[Source material]:
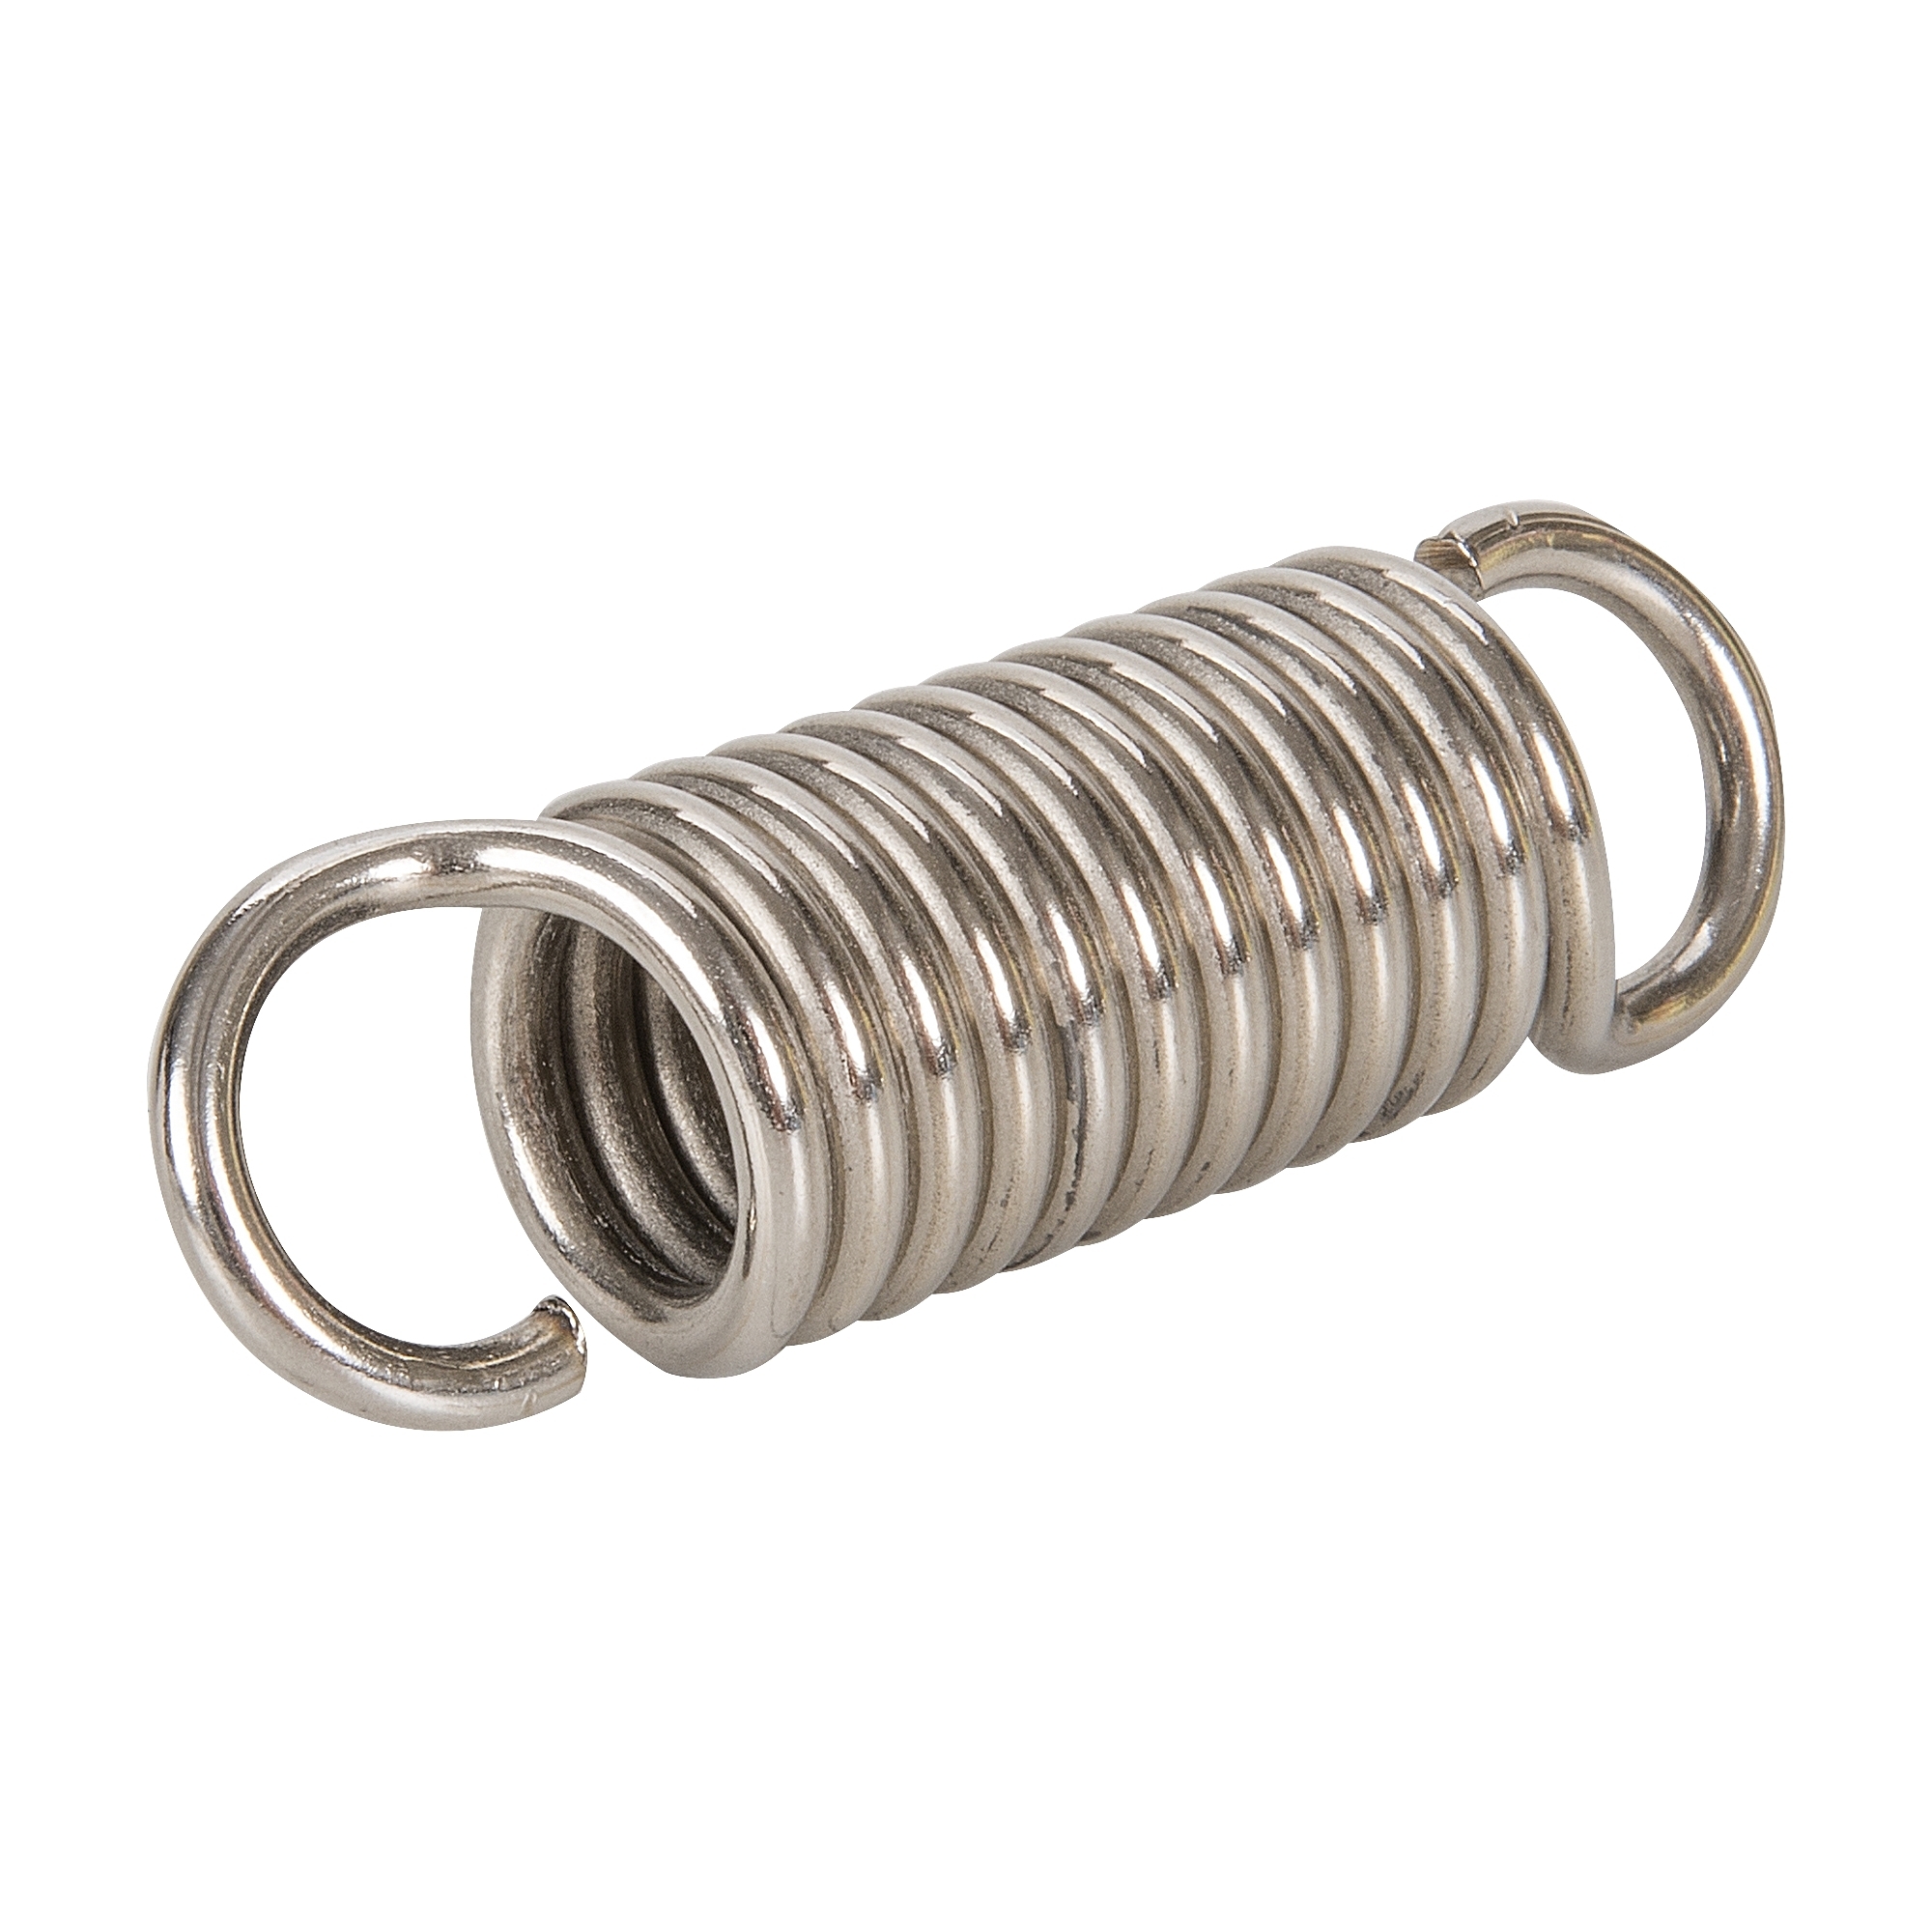 Steute Cable Pull Wire Switch Tension Spring Heavy Duty
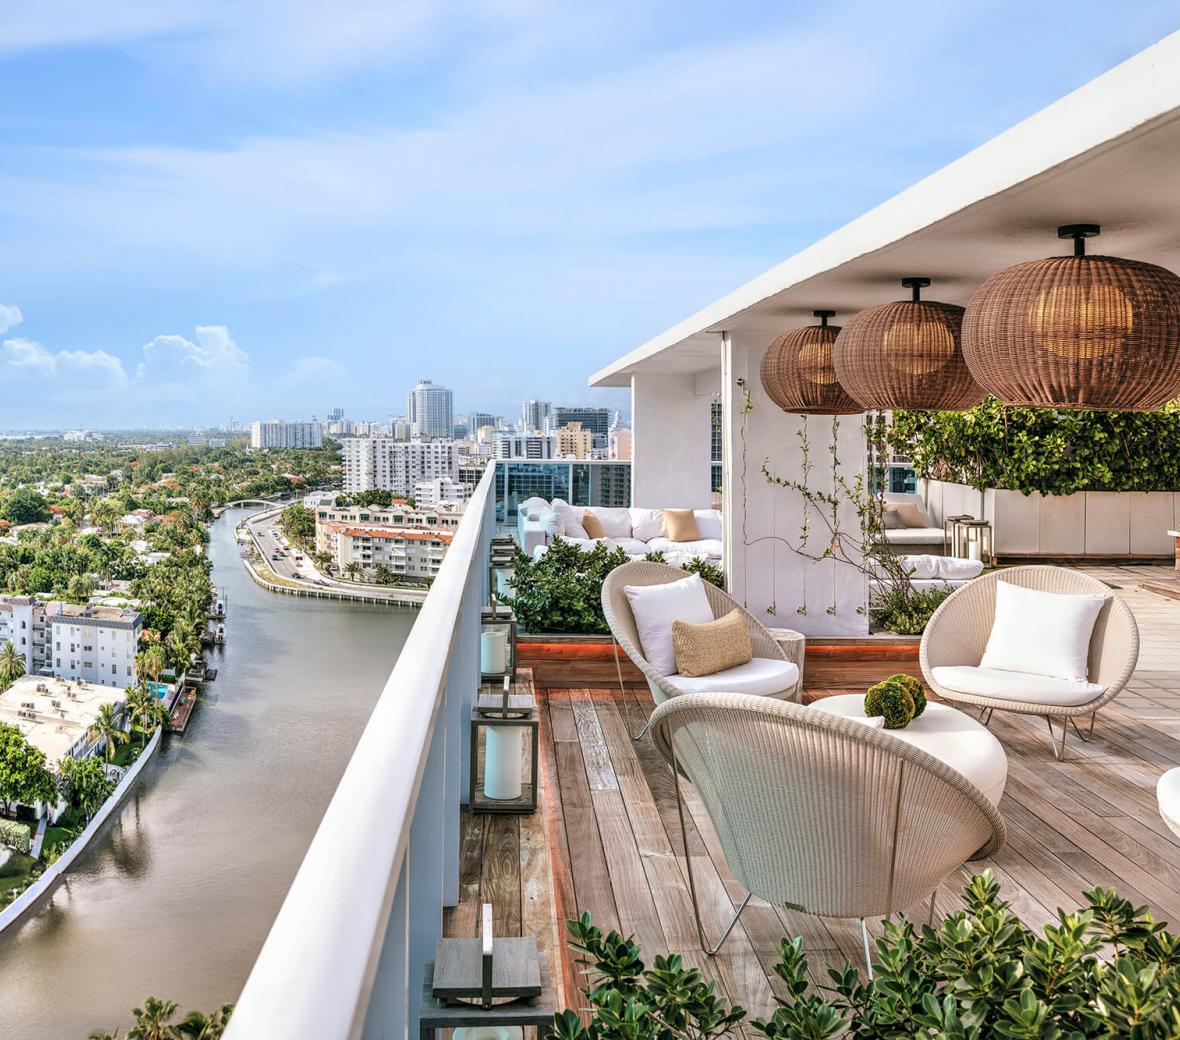 Terrace at a hotel with sofas and chairs overseeing the Miami landscape.
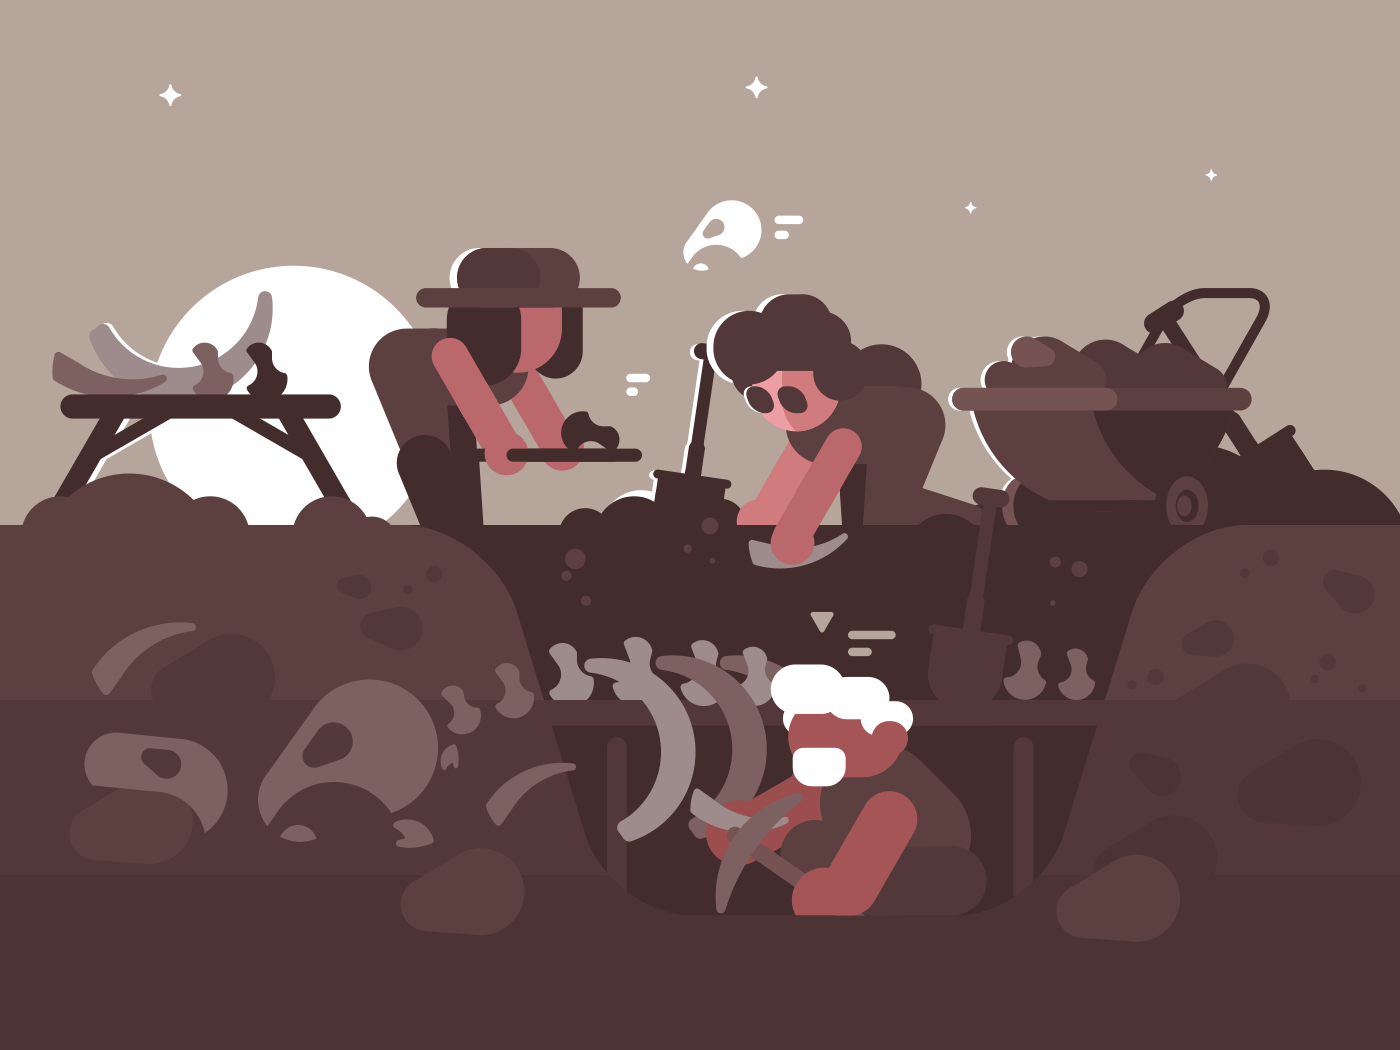 Group of archaeologists on excavations. Men dig out dinosaur bones at night. Vector illustration

[What to do]: Please copy the lines above exactly as written, apart from any pictures.

[Written answer]:
 Steute Cable Pull Wire Switch Tension Spring Heavy Duty
 Terrace at a hotel with sofas and chairs overseeing the Miami landscape.
 Group of archaeologists on excavations. Men dig out dinosaur bones at night. Vector illustration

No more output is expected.